Historic Flooding in Central Europe
By By Jim Andrews, AccuWeather.com Senior Meteorologist
June 09, 2013, 4:52:49 PM EDT
Some of the worst flooding in memory has struck parts of central Europe in the wake of persistent soaking rain. While flood waters receded in some areas, other communities were still awaiting the worst as crests sweep down major rivers.
At least 17 people have died and many others were missing as of Friday, June 7, 2013, according to the AP, as floods and landslides targeted Germany, Austria, the Czech Republic and Switzerland. Thousands of people have been displaced by flooding as militaries teamed with local authorities and volunteers to shore up flood defenses.
Monday's flood crest of the Danube River at Passau, Germany, reached a level not recorded since 1501, the AP said. The German Chancellor told reporters that the city's flood damage looked worse than that of 2002, the last year of massive flooding in the region.
Farther down the Danube, officials were girding for the big river's flood crest in Bratislava, Slovakia, and Budapest, Hungary.
Meanwhile, in the Czech Republic, Prague had apparently been spared the worst after the Vltava River had its highest crest since 2002. The river's flood waters were headed northward to the Elbe, along which the German city of Dresden was making ready for water levels 5 meters (about 16 feet) above normal, the BBC indicated.
AccuWeather.com forecasters had marginally good news for the sodden region, as some rainfall is expected into early next week, but none is expected heavy and long in duration.
More than 7,000 people left their homes in Eilenburg, Germany, the BBC News website said. In Austria, two months of rain fell within two days, according to the meteorological service.
Much of badly hit Passau, Germany, was "inaccessible by foot" on Monday, the AP said. Evacuations were taking place by boat, and electricity was shut off intentionally in a precautionary measure. Rising water levels had already topped marks reached in 1954, when the city suffered floods said to be worst in living memory.
Two major tributaries, the Inn and the Ilz, meet the Danube River at Passau. All three were carrying a heavy burden of runoff, following days of soaking rain.
Meanwhile, a nationwide state of emergency had been declared for the Czech Republic, the BBC on Monday.
The country suffered at least seven deaths related to the flood, according to the BBC.
In the Czech capital Prague, flood fears led authorities to raise protective metal barriers against the rampaging Vltava River, the AP said. Transportation was disrupted, and many schools were closed.
About 3,000 people had been driven from their homes in and about Prague, the BBC said. Animals in the city's riverside zoo were taken away to safety.
Memories in Prague harkened back to 2002, the last instance of catastrophic flooding in the city.
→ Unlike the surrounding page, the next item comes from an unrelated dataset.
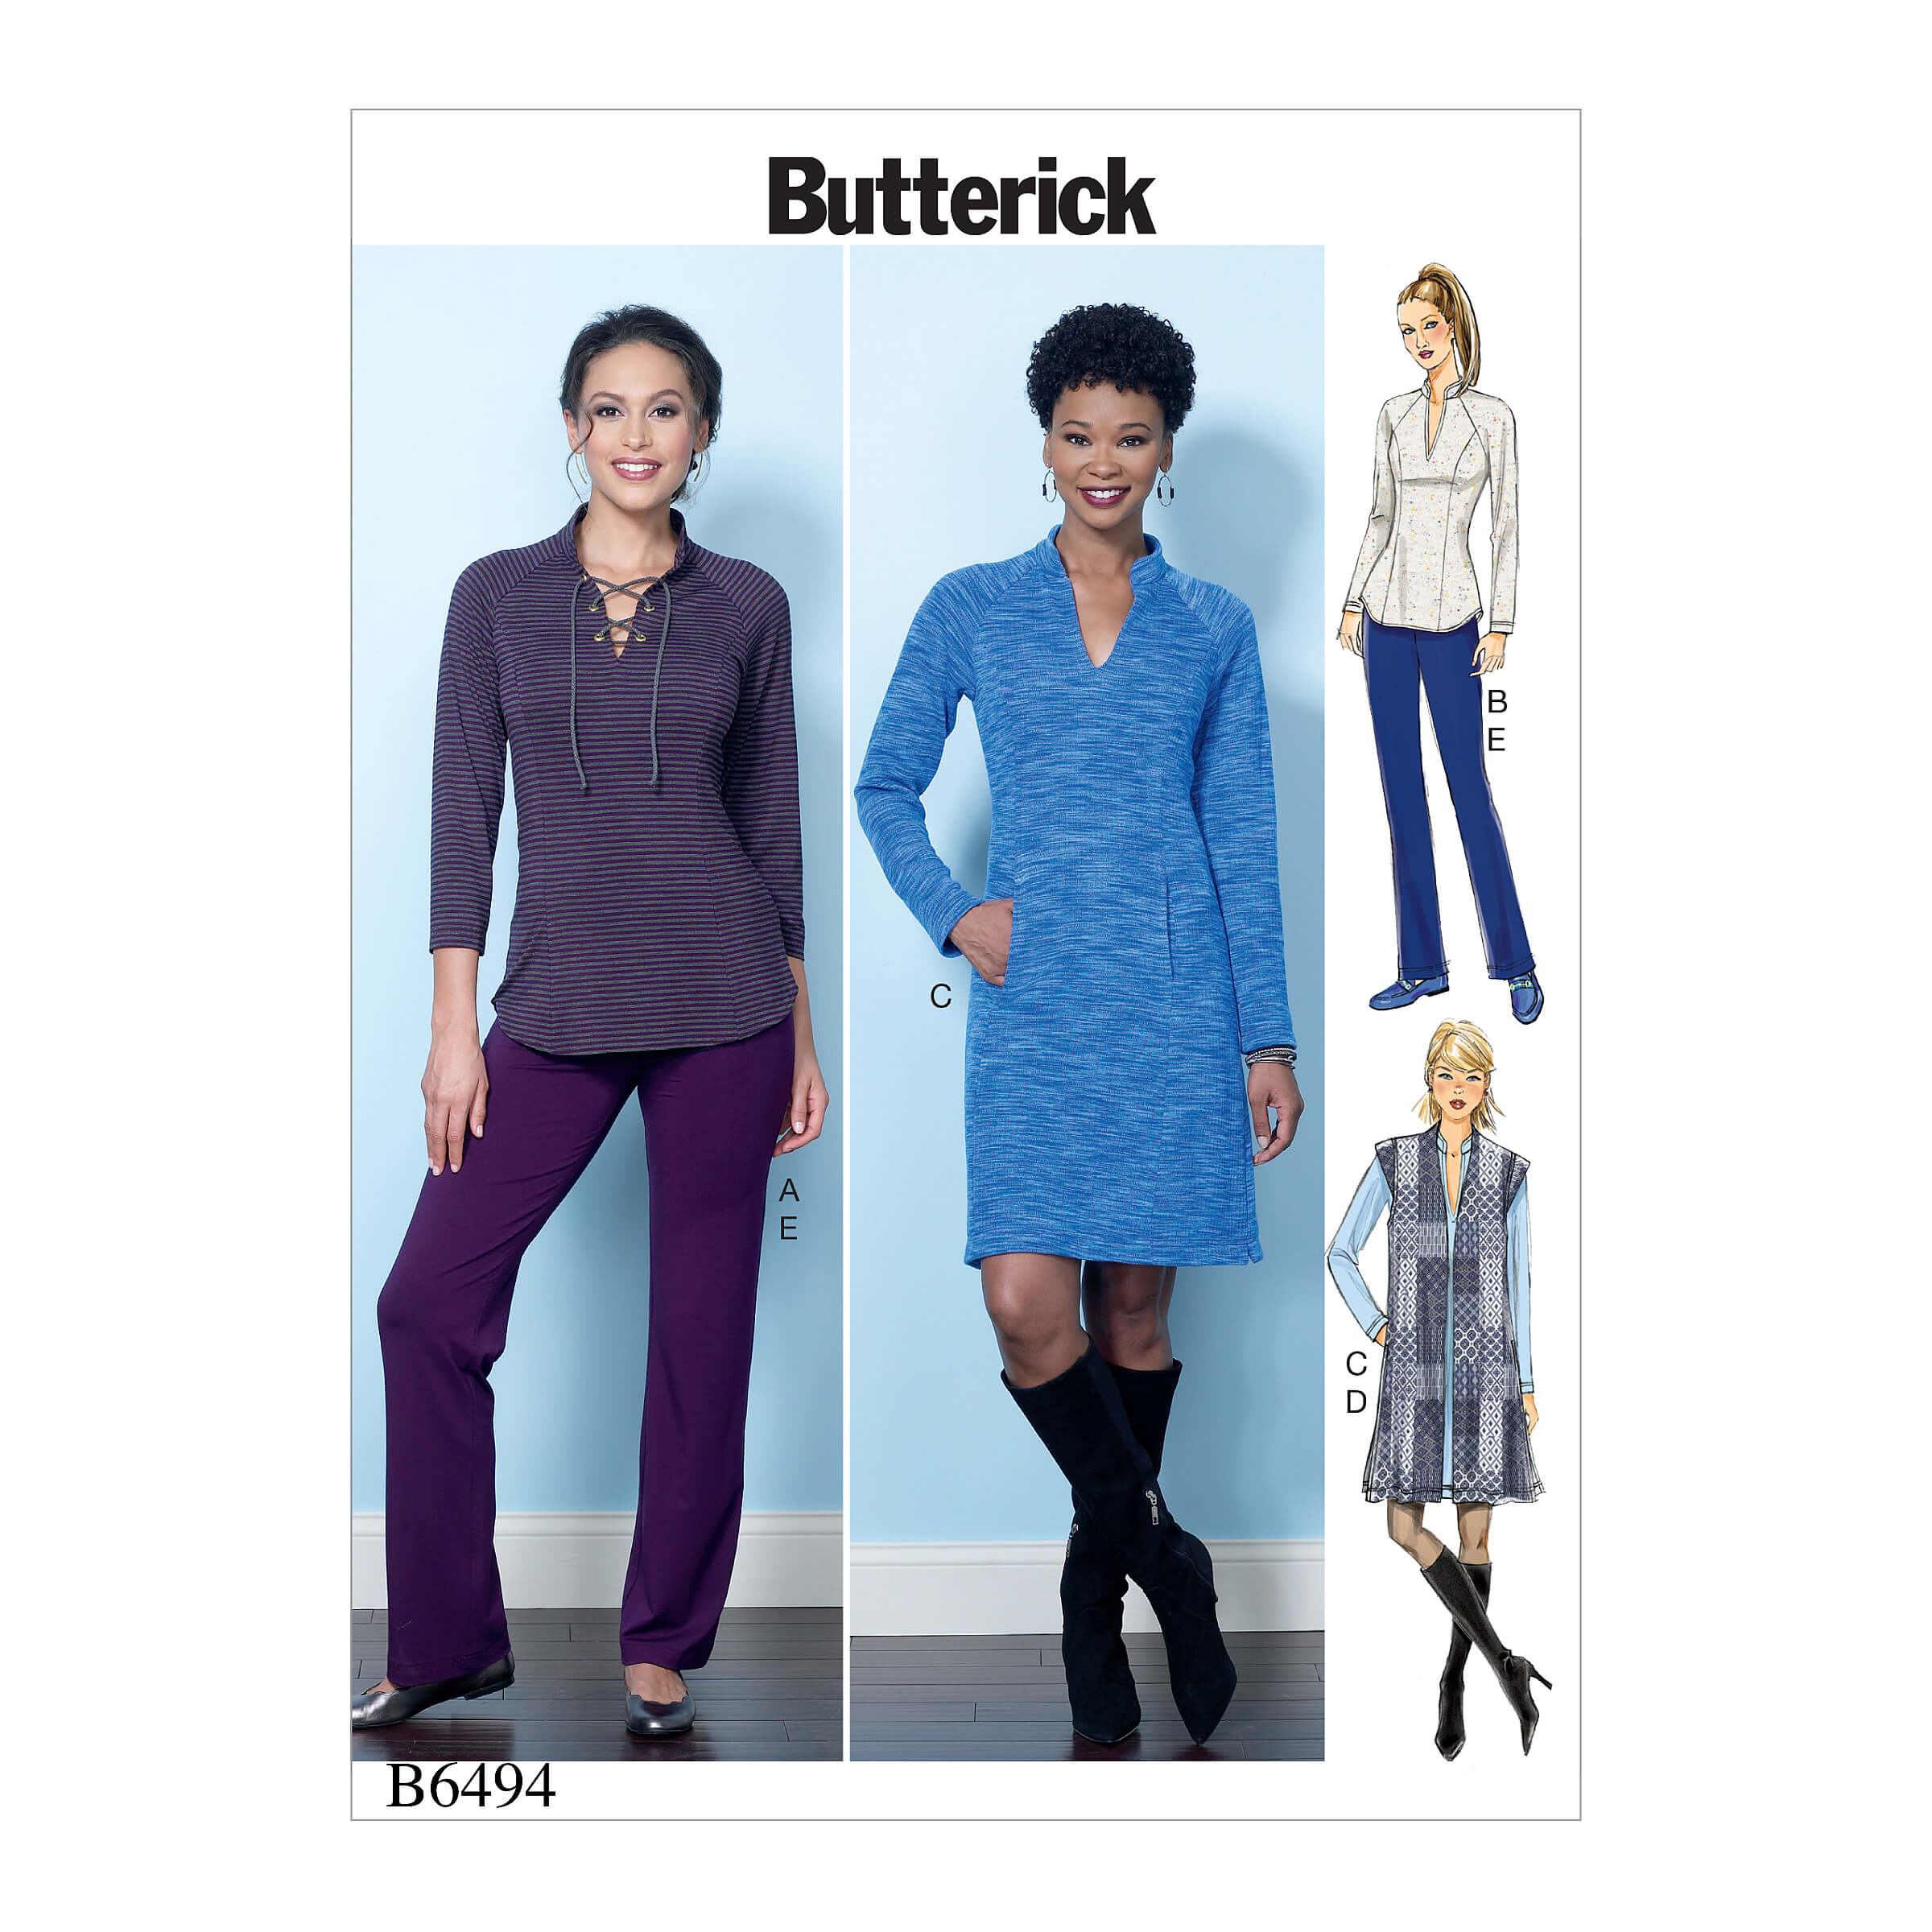 Butterick Sewing Pattern B6494 Misses' Knit Raglan Sleeve Tops and Dress, Vest, and Pull-On Pants

The metal anti-flood walls were raised in reaction to that disaster.
The 2002 flooding that targeted central Europe killed 17 people in Czech, costing about US $26 billion, Reuters said.
Elsewhere in Czech, about 2,700 people had evacuated in the western half of the country.
The flooding was triggered by stubborn low pressure over central Europe, which caused widespread heavy rain to fall along and north of the Alps since the middle of last week. Falls of 2-4 inches have been widespread, with much higher amounts along the Alps.
Weather data accessed as of Monday by AccuWeather.com showed rainfall of about 9 inches within three to four days at Bregenz, Austria. About 7 inches of rain pelted Kufstein.
The highest peaks along the Alps were freshly buried under deep snow. Snowfall, having the water equivalent of about 8 inches, covered the top of Zugspitze, the highest peak in Germany. The amount of snowfall, while not immediately known, may have topped 8 feet. The rise in snow depth between Friday and Monday was at least 51 inches, despite drifting and settling under gravity.
About 5 feet of snow was measured on Sonnblick mountain in western Austria, weather observations showed.
Flood crests were slated to continue spilling down stream on major rivers such as the Danube, which flows southeastward to the Black Sea.
Meteorologist Eric Leister contributed to this story.